Data collection, the amazing part, is based on identifying individual dolphins.

Most of us know animals from pets at home or going to the zoo. Unnecessarily but customarily, zoos exhibit animals in small groups. You see one or two elephants or a trio of monkeys. These small numbers make it hard to see that each animal is distinct like each person is distinct. When you learn a species’ physical Gestält, you see animals as the individuals they are. It’s a real kick when you no longer see ‘a monkey’ but instead see Drella the capuchin or Golda the bonnet macaque like you see Mike at work. I’ll never forget when San Diego Zoo gorilla keeper Gale Foland got a birthday card with a gorilla on it … and he recognized that gorilla.

To exercise your eye, start with color patches on parrots, tusks and ear tatters on elephants, whisker patterns on lions or faces on primates.

With bottlenose dolphins, we use pictures of dorsal fins to distinguish individuals by unique tatters, nicks and notches. Cheetah’s tall fin has unique round scallops.

some percentage of the dolphin community is individually recognizable this way.
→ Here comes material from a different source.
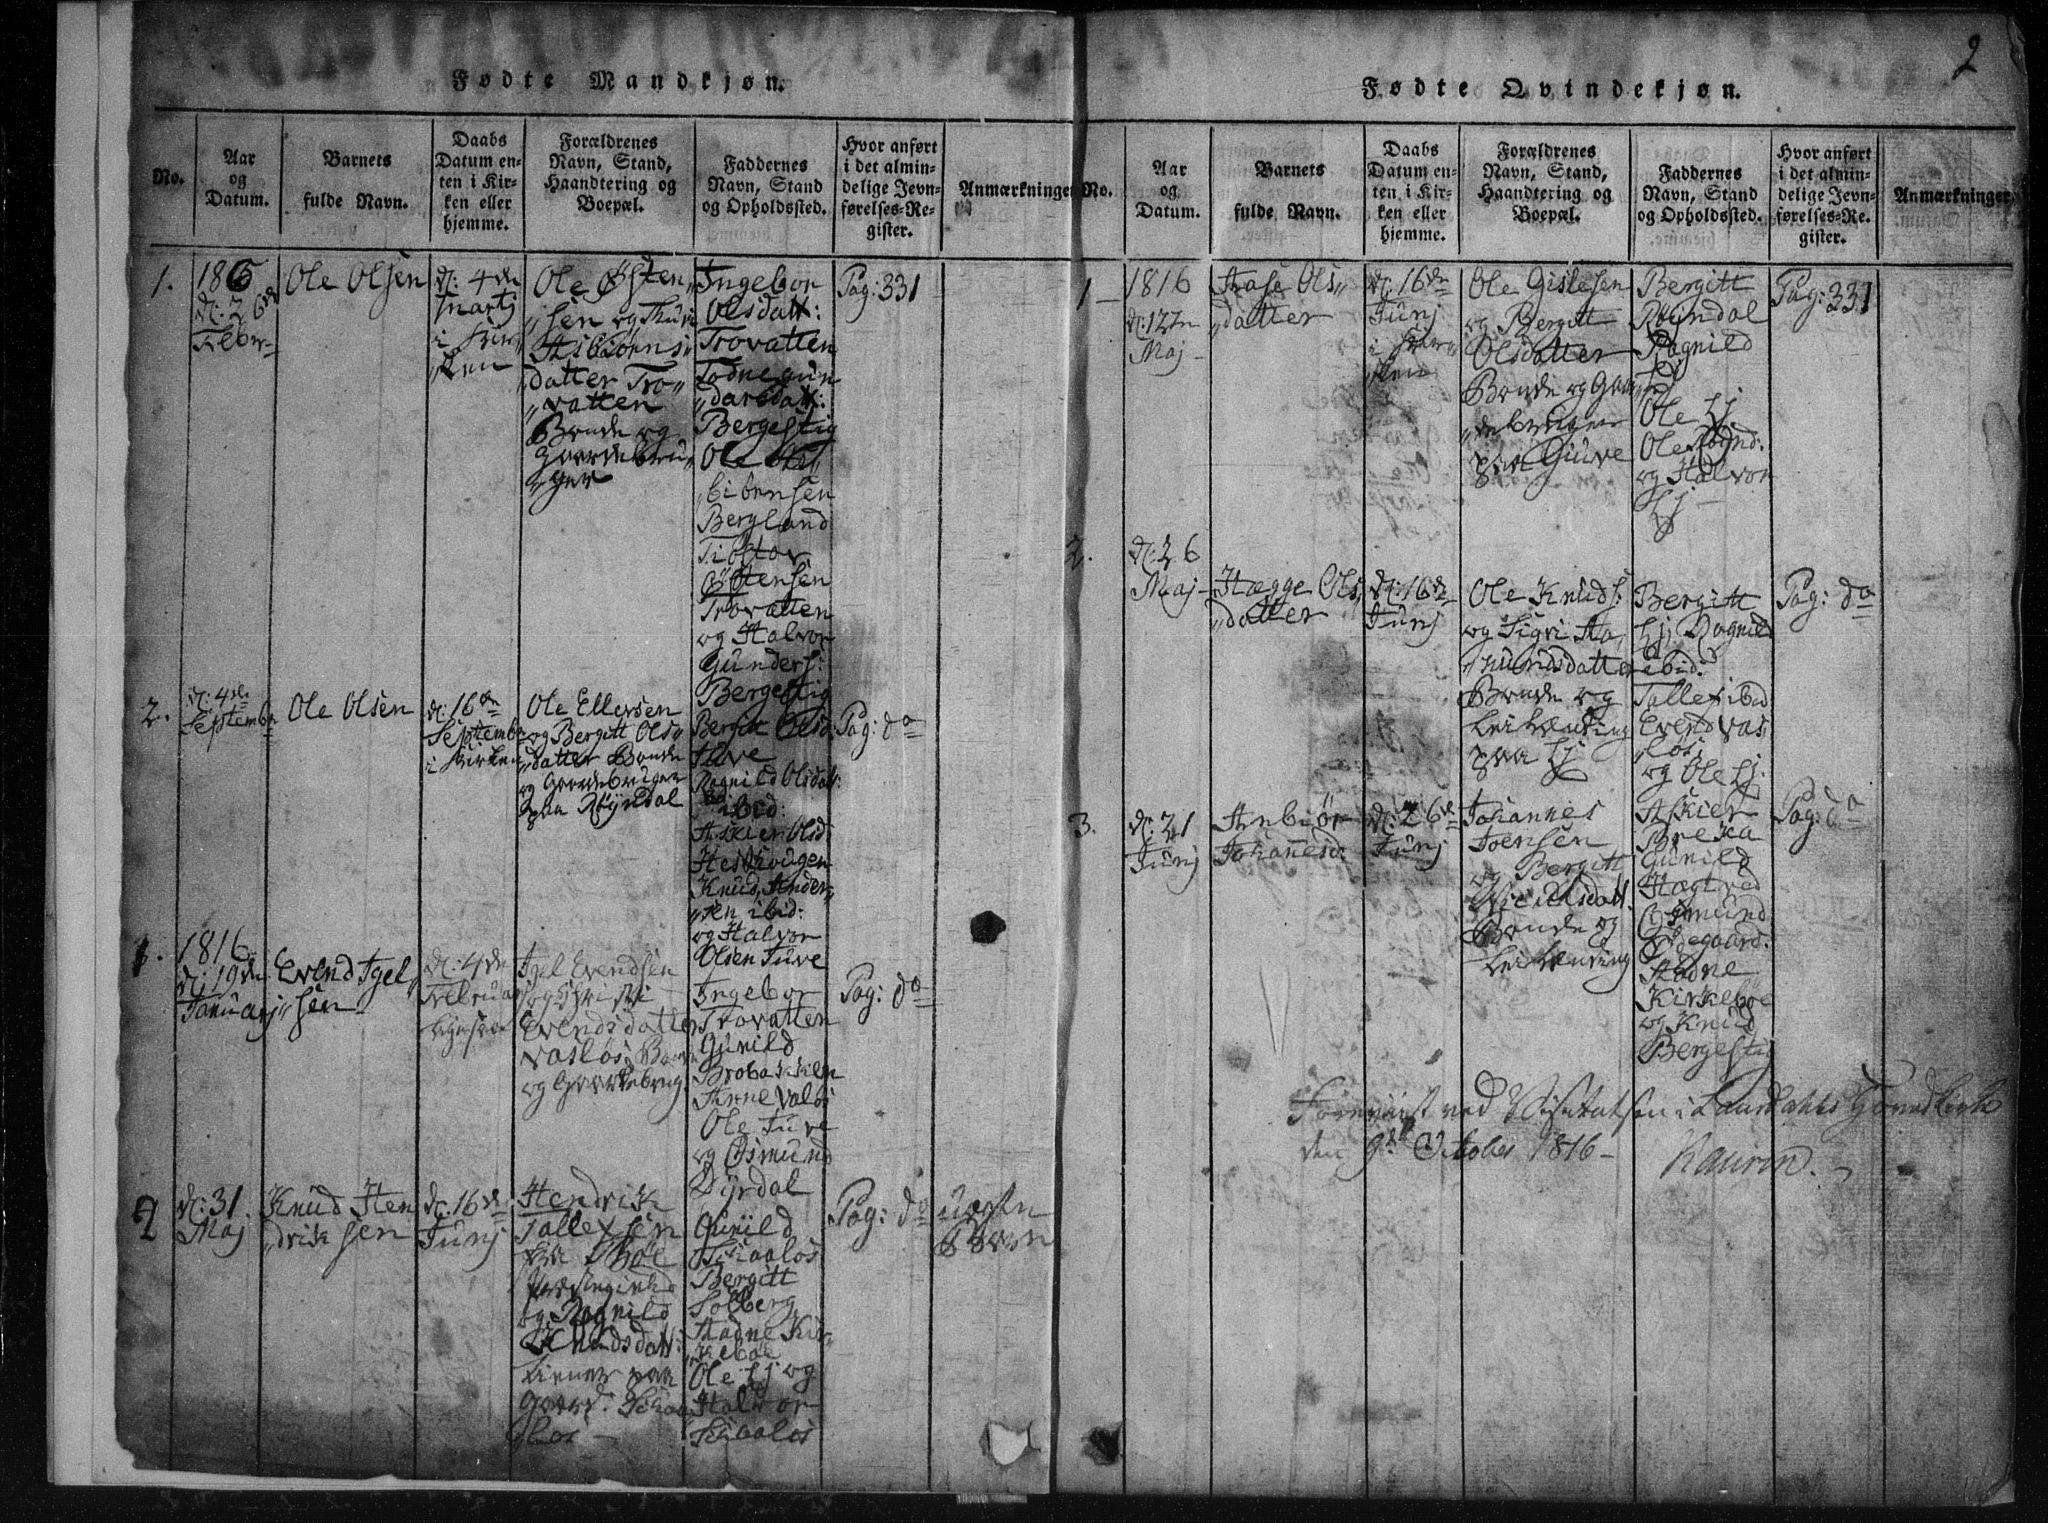 SAKO, Rauland kirkebøker, G/Gb/L0001: Klokkerbok nr. II 1, 1815-1886, s. 2

The remainder is not, like youngsters who’ve yet to develop personalized sets of scars. These data estimate the total number of dolphins and establish species as threatened, endangered, or holding their own.

From the process of generating a photo identification catalog of John’s Pass dolphins from 40,000 photographs, boat captain John Heidemann and myself no longer say, “Hey, a bunch of dolphins”. Instead, we say, “Its Tanks and Face with little Baby Face” or [bulls] “N and DD2.”

I wonder what they’ve named us.

Colleagues who study cetaceans by sound can even recognize dolphins by their distinctive whistles, a higher level of individual recognition. Marine mammalogist Rachel Smolker tells how she learned this in her book To Touch a Wild Dolphin.

Yes, it was Cheetah driving fish that night. Passion drives me. The animals call me back constantly. The study of animal behavior never fails to feed.

Join the Contemplation Club. Live the privilege of consciousness. You might find what you’re looking for. Remember, your efforts will be for the greater good of all. And you get paid.